[[ RECORDS FOR THE TASK, beginning ]]

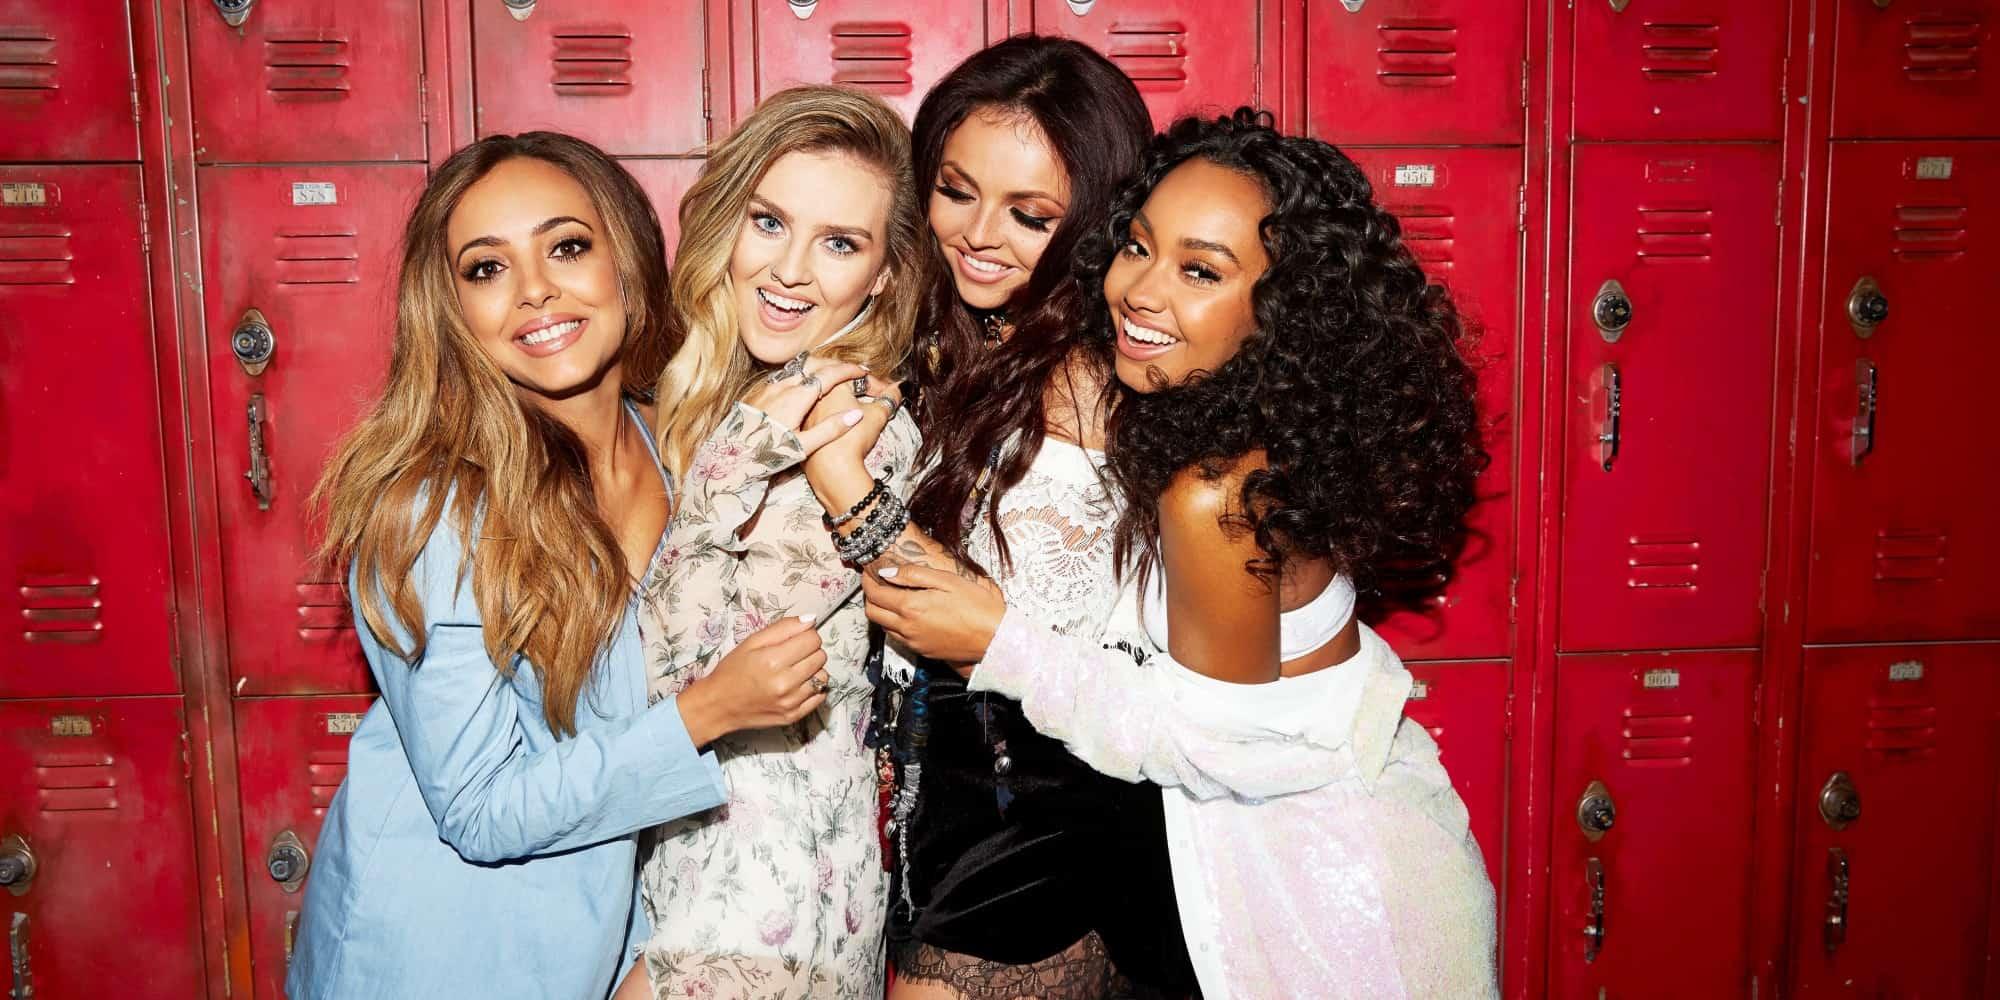 แปลเพลง I won't – Little Mix ความหมายเพลง
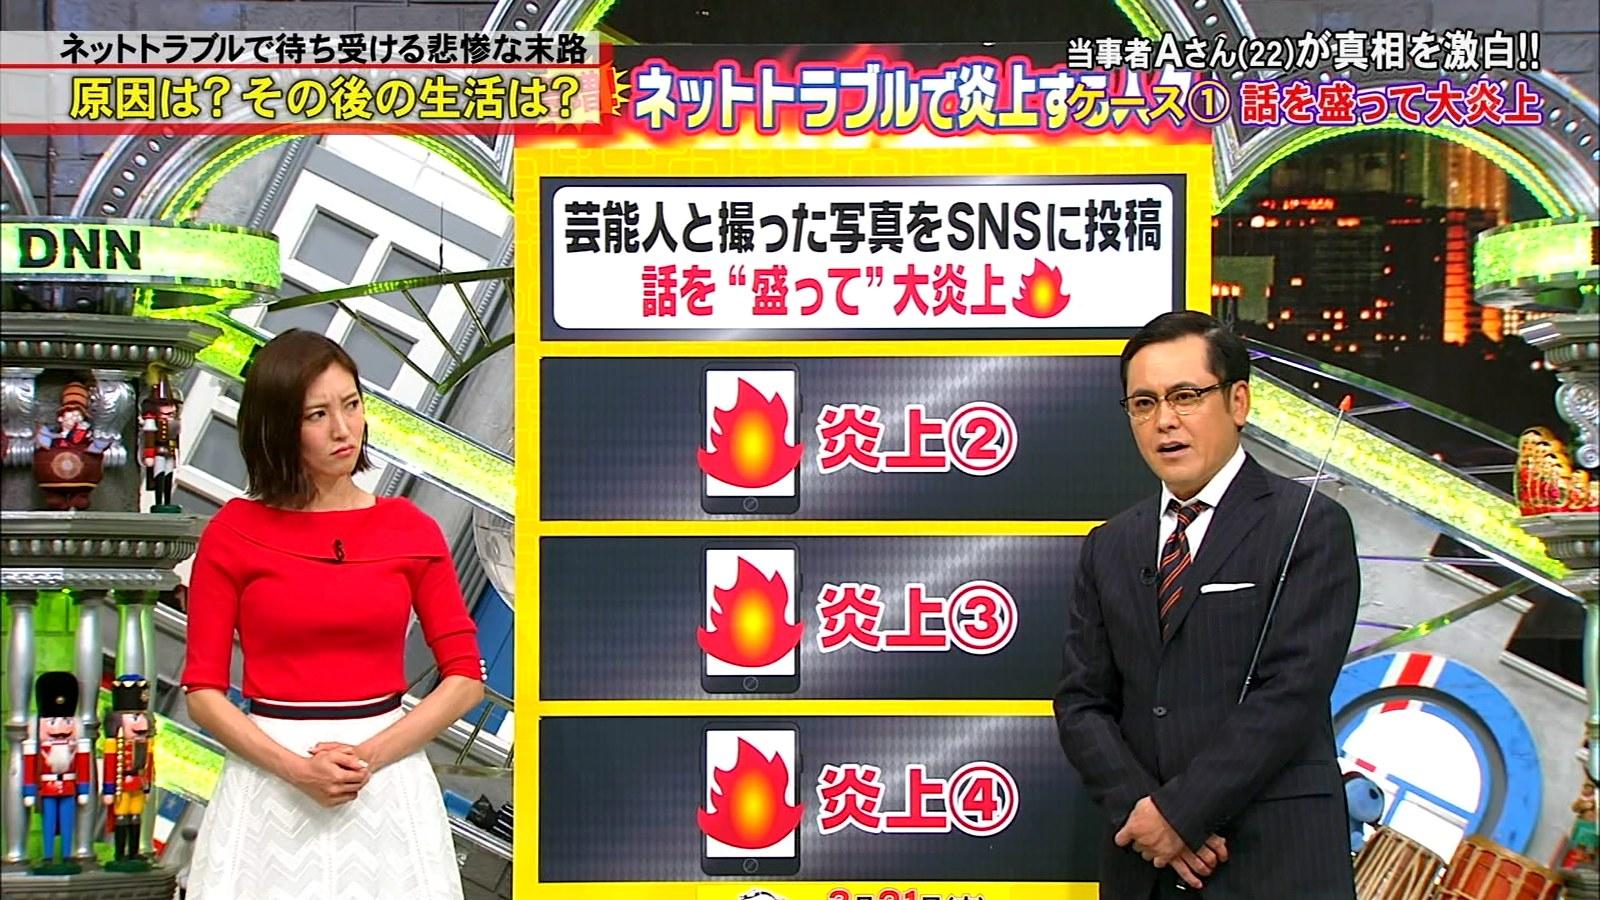 2019年3月15日「全力!脱力タイムズ」小澤陽子さんのテレビキャプチャー画像-006
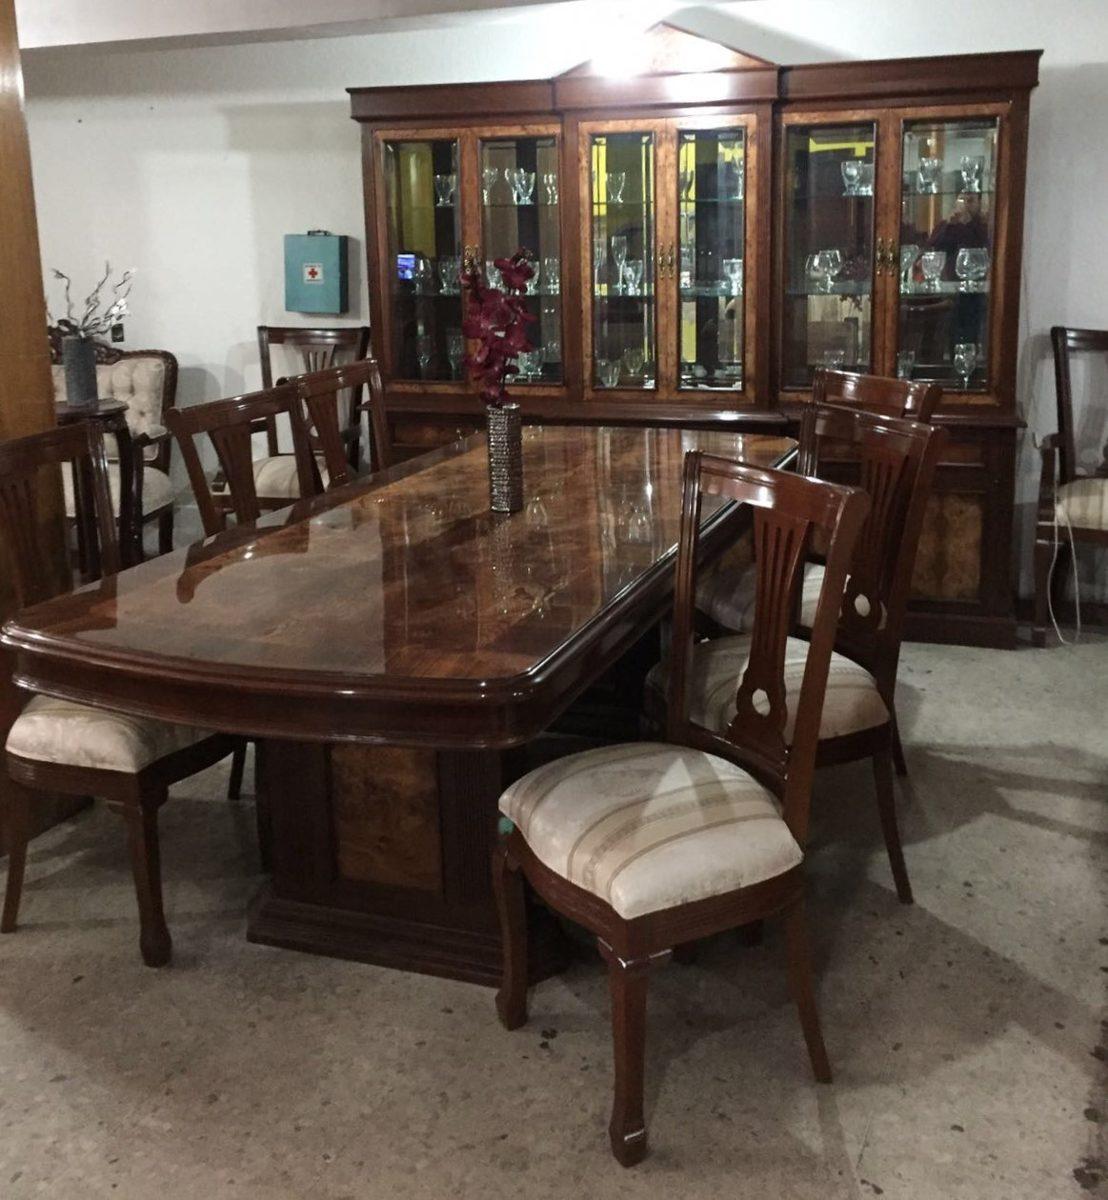 Comedor Provenzal Modernista Modelo Ingls En Madera Fina   8300000 en Mercado Libre
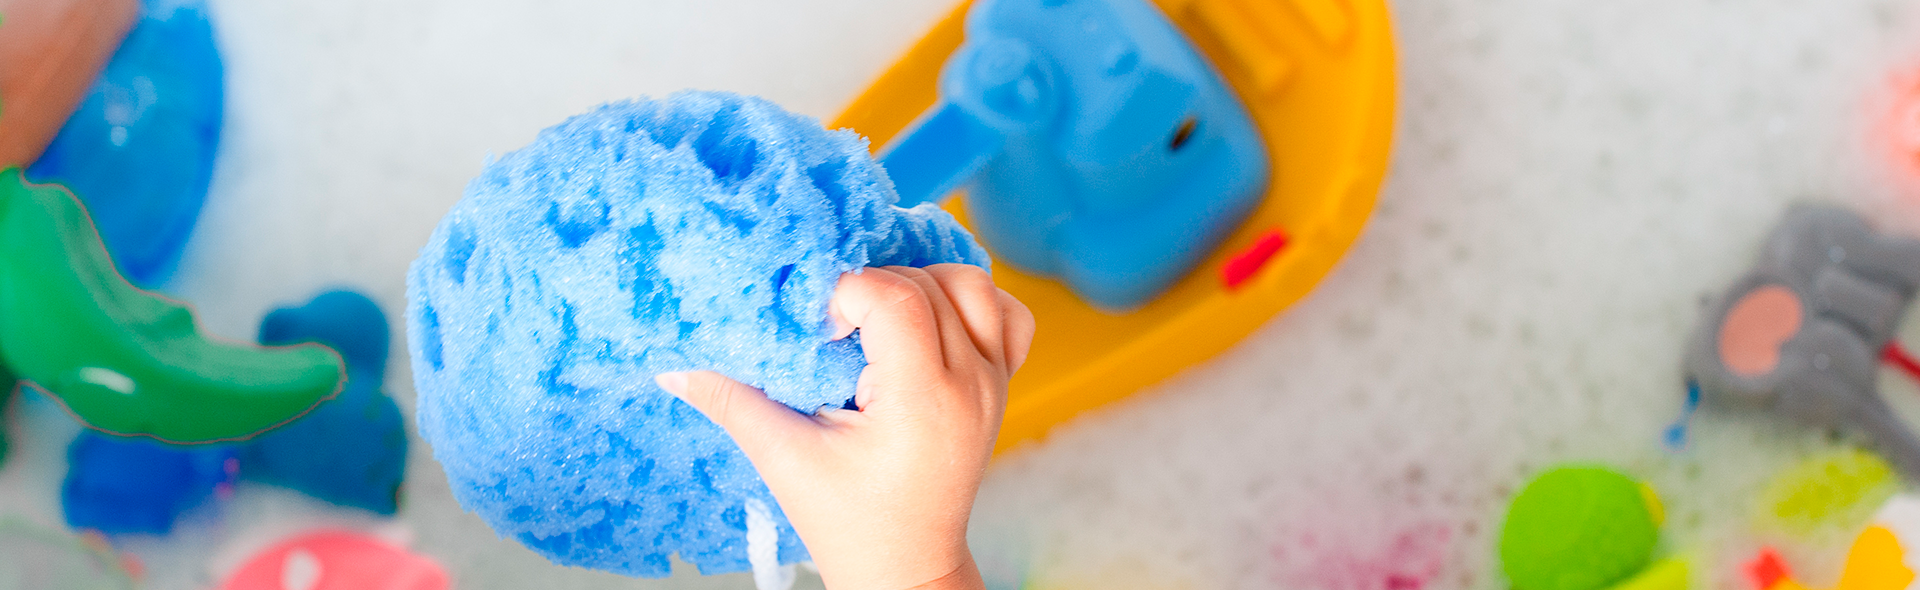 ¿Cómo limpiar tus juguetes?
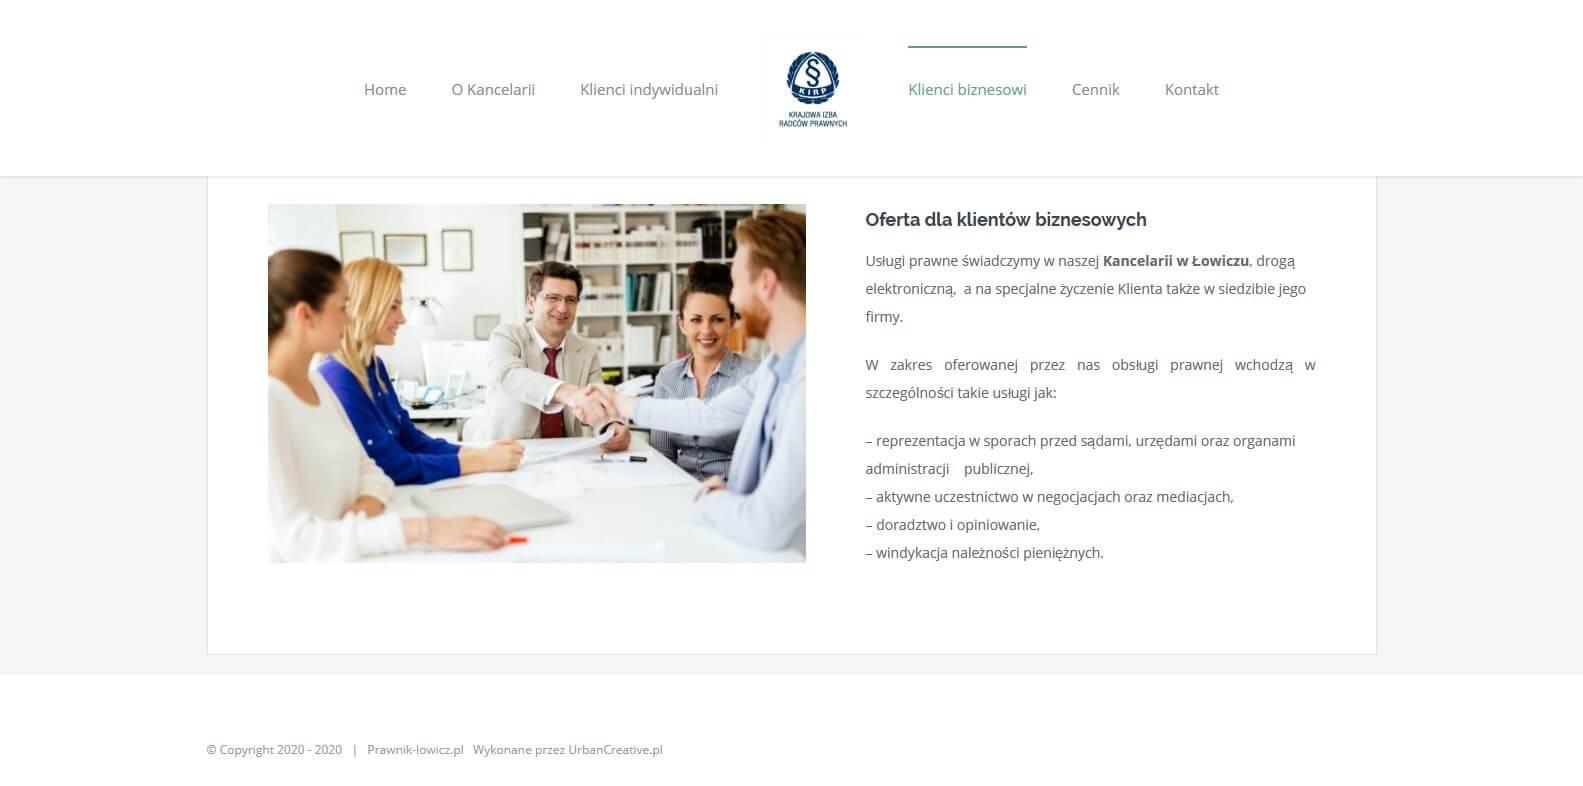 Prawnik02_2020-04-15 Klienci biznesowi

[[ RECORDS FOR THE TASK, end ]]

| WHAT THE EXERCISE ASKS |
The answer must be an exact copy of the records, with no pictures in it.

| THE ANSWER |
 แปลเพลง I won't – Little Mix ความหมายเพลง
 2019年3月15日「全力!脱力タイムズ」小澤陽子さんのテレビキャプチャー画像-006
 Comedor Provenzal Modernista Modelo Ingls En Madera Fina   8300000 en Mercado Libre
 ¿Cómo limpiar tus juguetes?
 Prawnik02_2020-04-15 Klienci biznesowi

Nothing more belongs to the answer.